_Exercise objective_
Below are records with pictures in them. Transcribe everything from the line containing "Молния снизу вверх." down to the line containing "Bier fließt in", exactly, and leave the pictures behind.

_Study material_
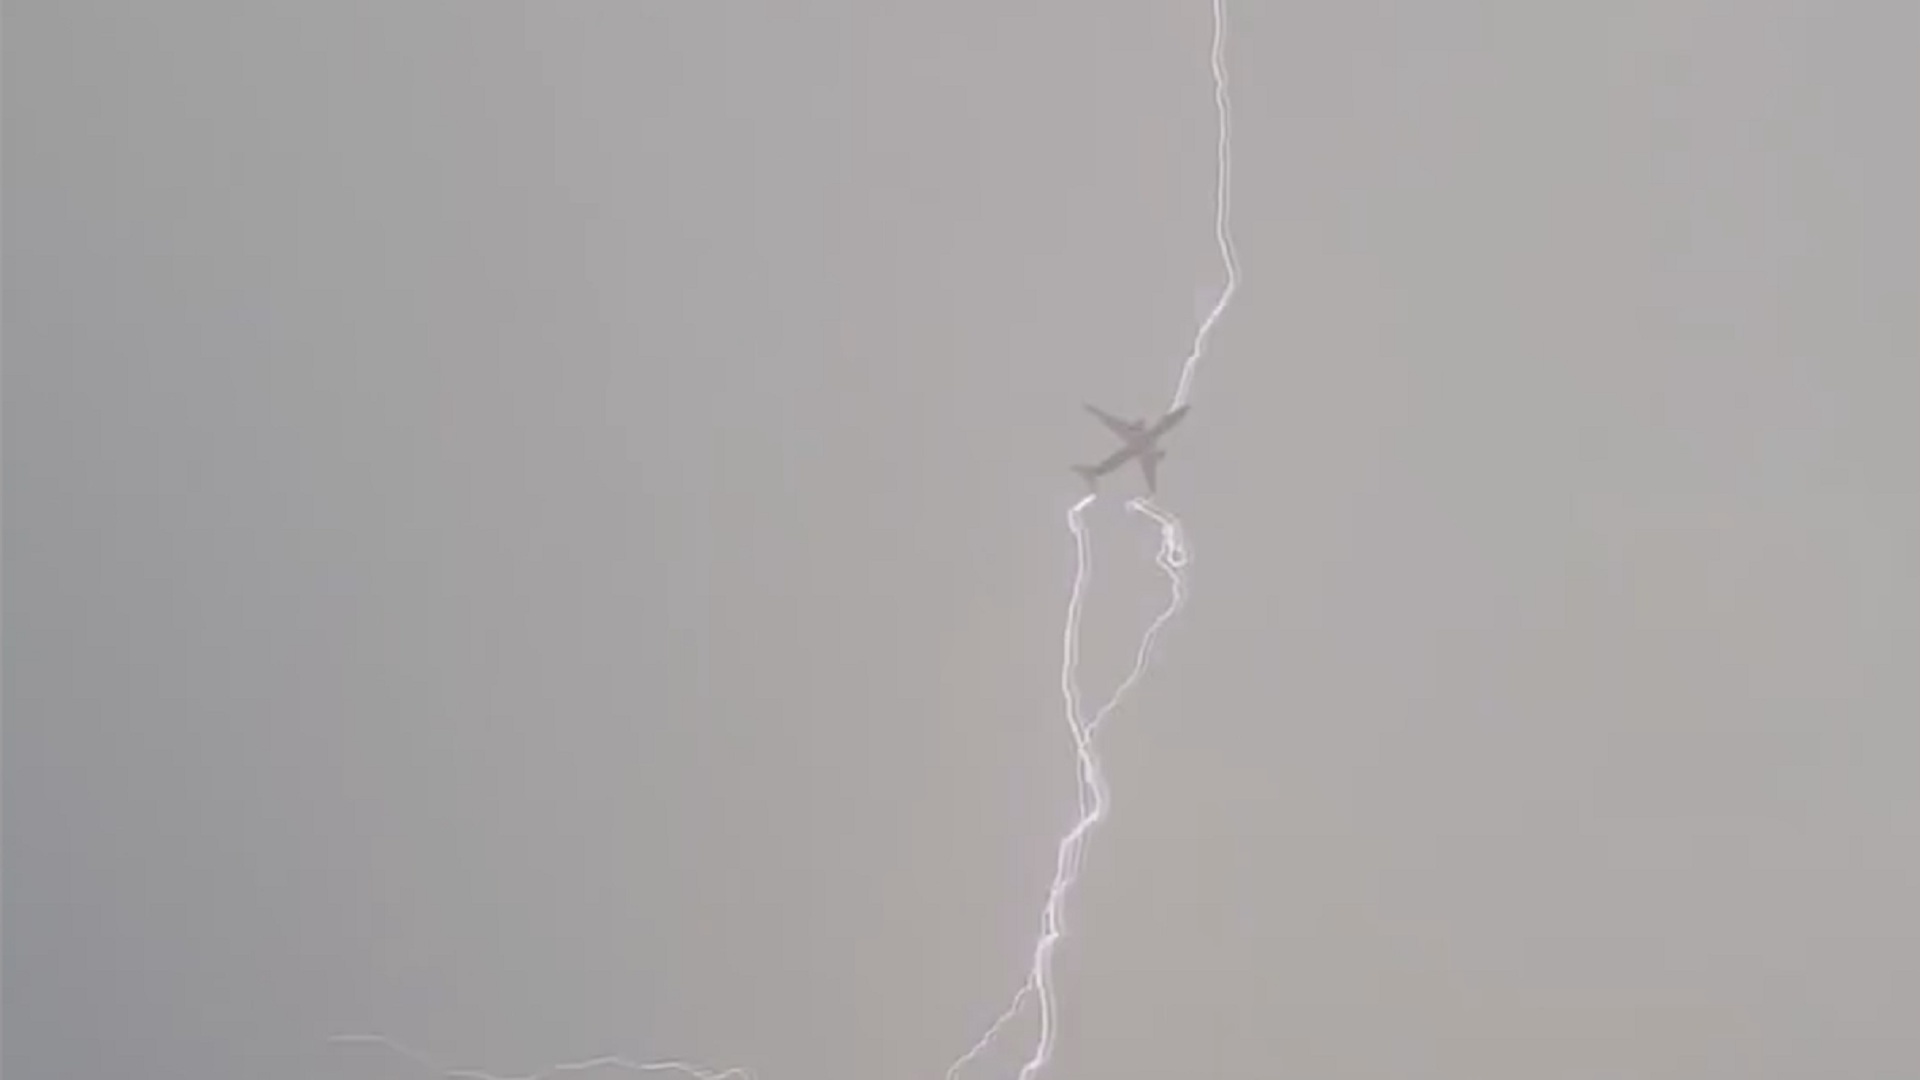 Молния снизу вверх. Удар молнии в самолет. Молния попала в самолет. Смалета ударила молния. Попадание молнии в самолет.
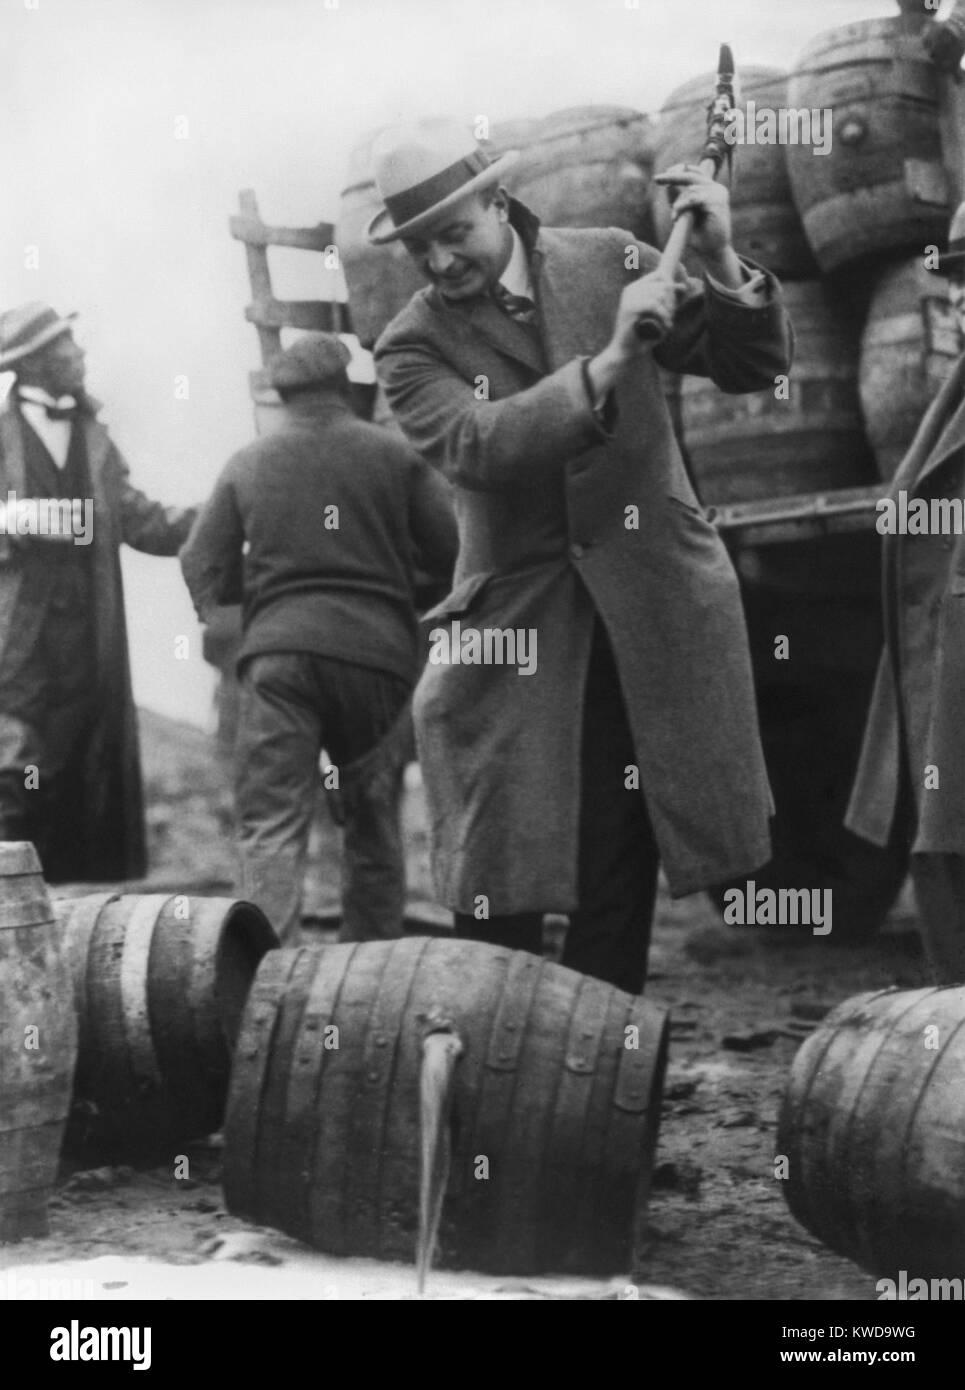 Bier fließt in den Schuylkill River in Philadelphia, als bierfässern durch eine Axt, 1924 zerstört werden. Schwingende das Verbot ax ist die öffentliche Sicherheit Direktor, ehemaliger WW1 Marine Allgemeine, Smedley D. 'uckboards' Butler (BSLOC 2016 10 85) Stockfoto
==
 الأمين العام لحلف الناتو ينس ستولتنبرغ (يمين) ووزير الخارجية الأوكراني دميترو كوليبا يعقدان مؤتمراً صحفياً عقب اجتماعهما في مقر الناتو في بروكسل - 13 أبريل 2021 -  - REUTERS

_The completed task_
 Молния снизу вверх. Удар молнии в самолет. Молния попала в самолет. Смалета ударила молния. Попадание молнии в самолет.
 Bier fließt in den Schuylkill River in Philadelphia, als bierfässern durch eine Axt, 1924 zerstört werden. Schwingende das Verbot ax ist die öffentliche Sicherheit Direktor, ehemaliger WW1 Marine Allgemeine, Smedley D. 'uckboards' Butler (BSLOC 2016 10 85) Stockfoto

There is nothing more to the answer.